On a Monday night, the streets of Linlithgow were quiet. I drove out of the town centre and eventually found Meeko’s door. There was no answer and no neighbours around who might be able to shed light on her whereabouts. Next stop was the corner shop she was known to frequent: an outlet for alcohol where age was regarded as a social construct and nothing to do with what was on your actual birth certificate.
‘Meeko’s barred.’ The proprietor was quite adamant about that. ‘She’s not getting back in until she starts paying for the stuff she takes.’ It seemed a not unreasonable position for a shopkeeper to take.
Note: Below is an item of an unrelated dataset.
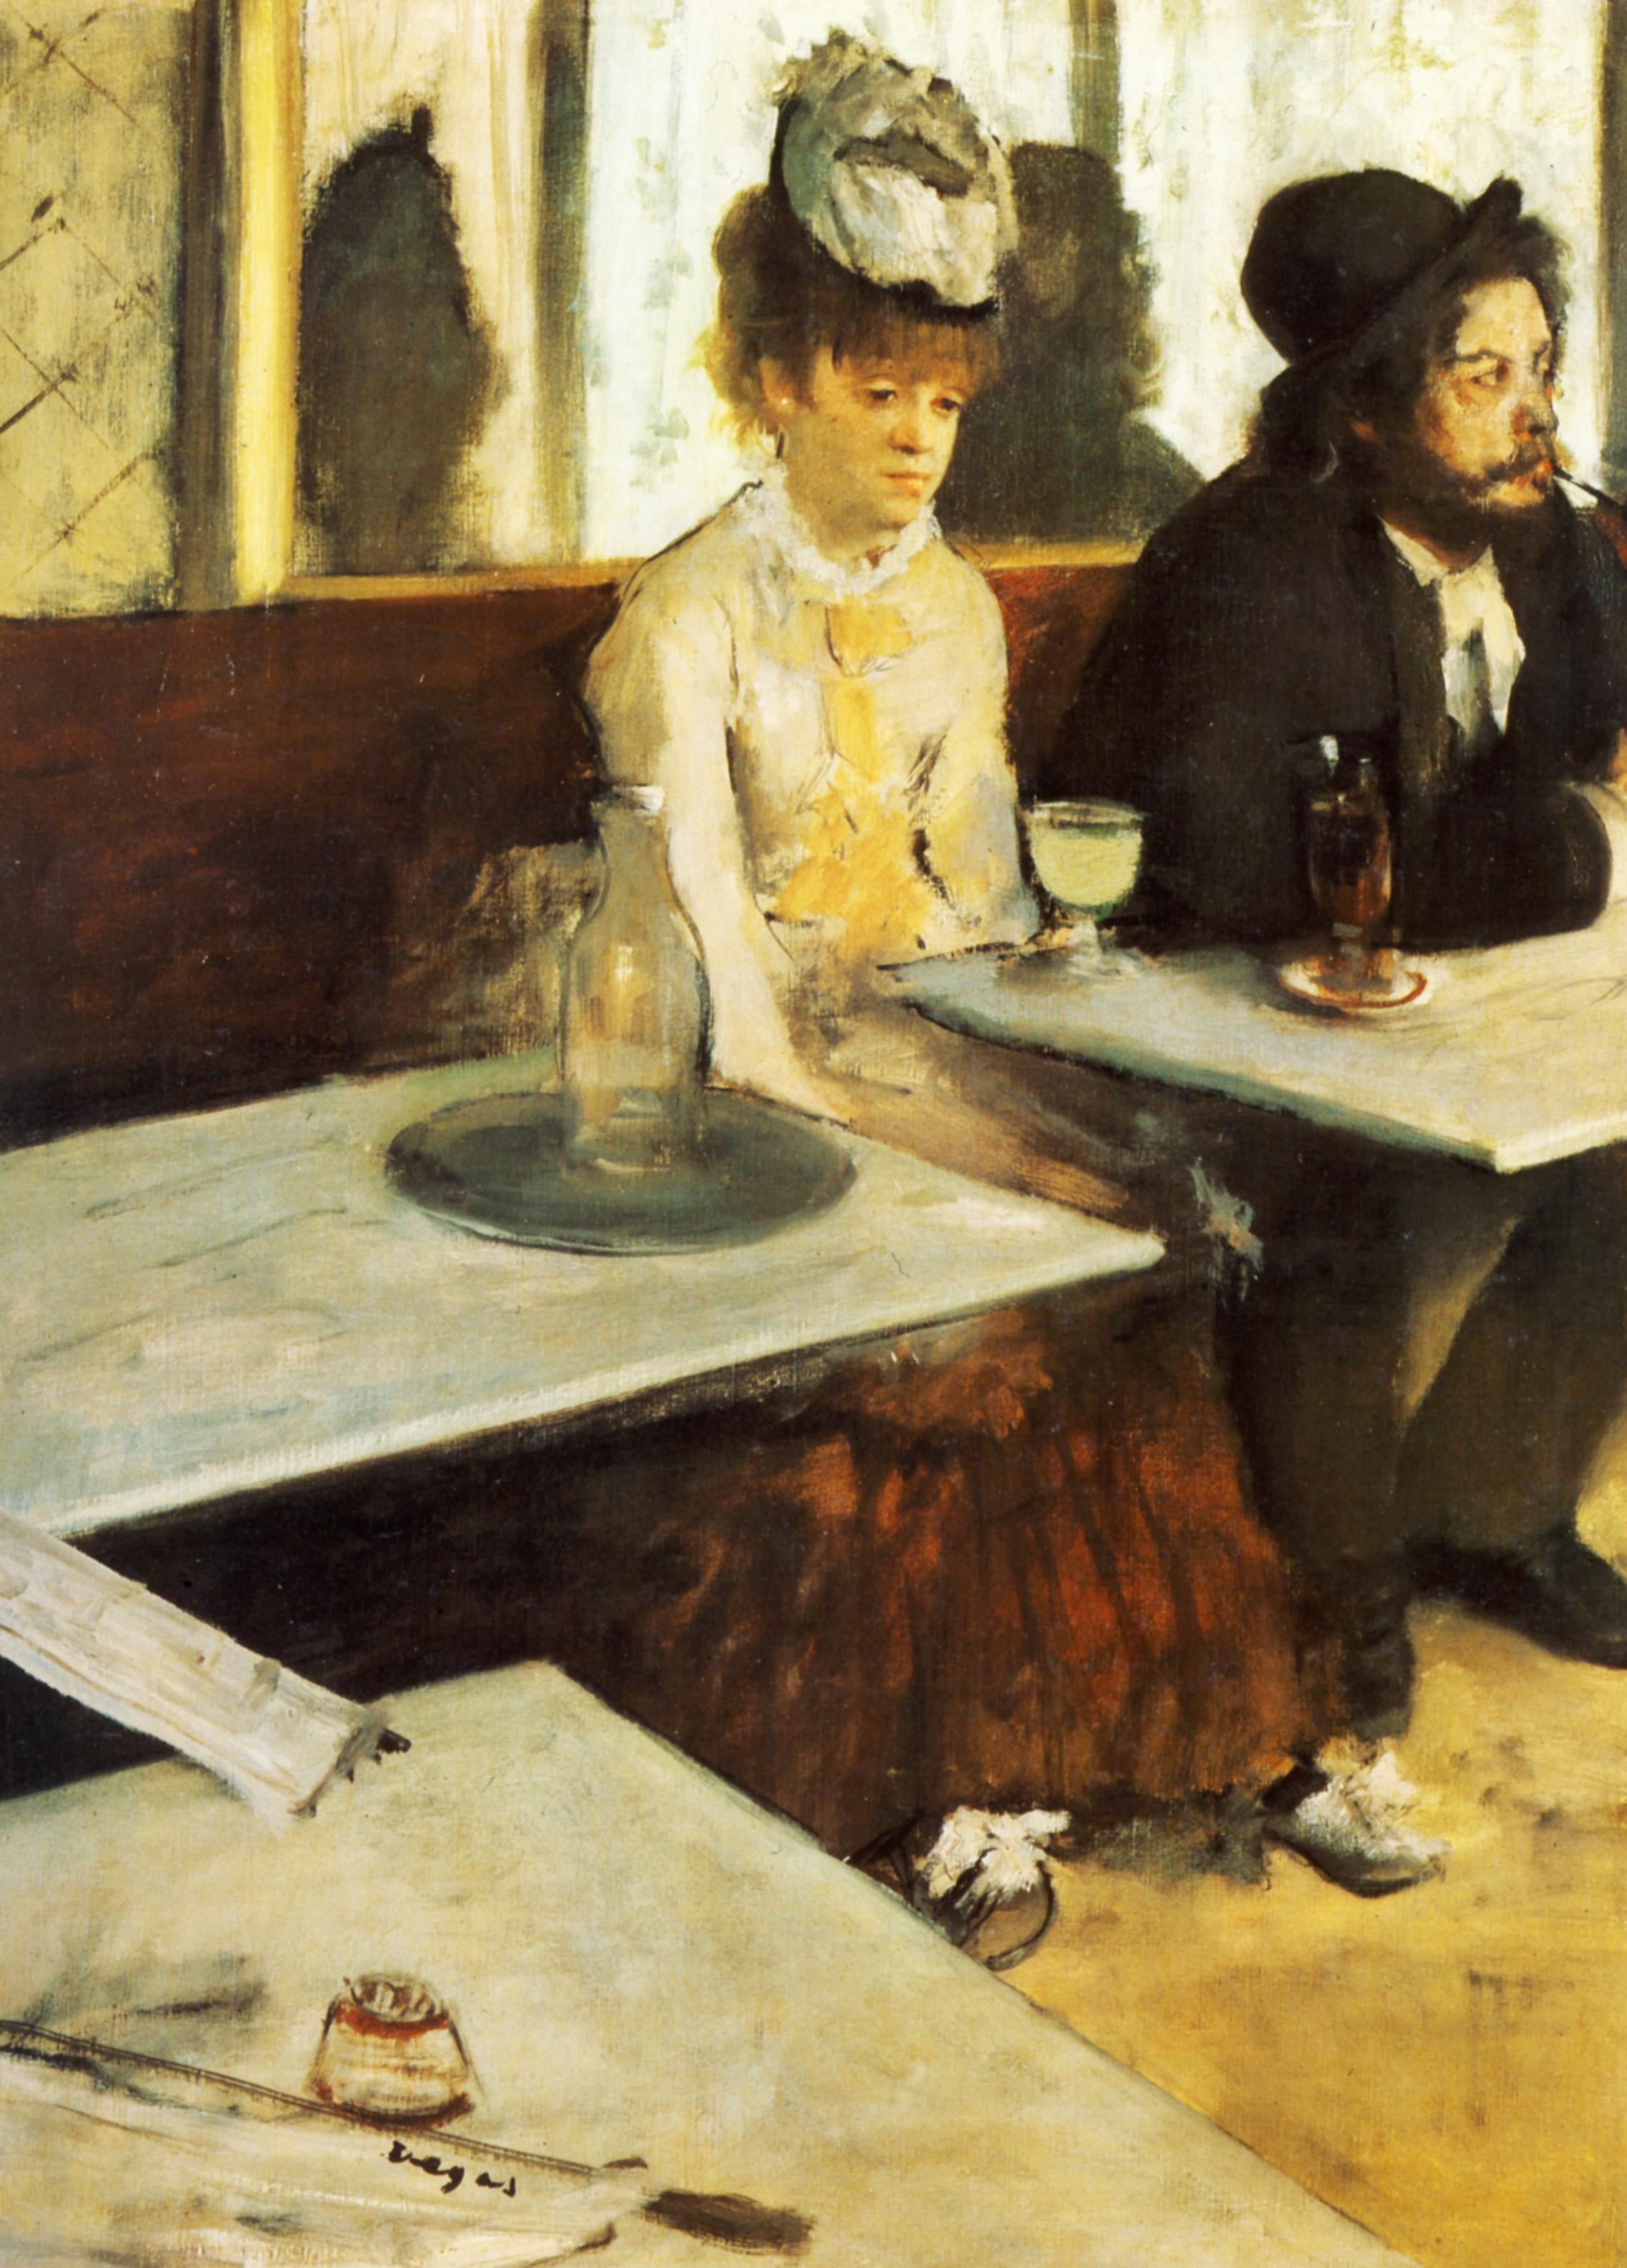 Degas, The Absinth Drinker (1867)

His wife, dressed in brightly patterned salwar kameez, was sitting on a stool in a corner behind the counter, watching a portable TV. ‘Last time she stole from us we called the polis and the next night our big window got broken,’ she called over her shoulder, eyes fixed to the screen. ‘What are you wanting her for? Is she in trouble again? Good. Maybe if you got her locked up, we’d get some peace around here.’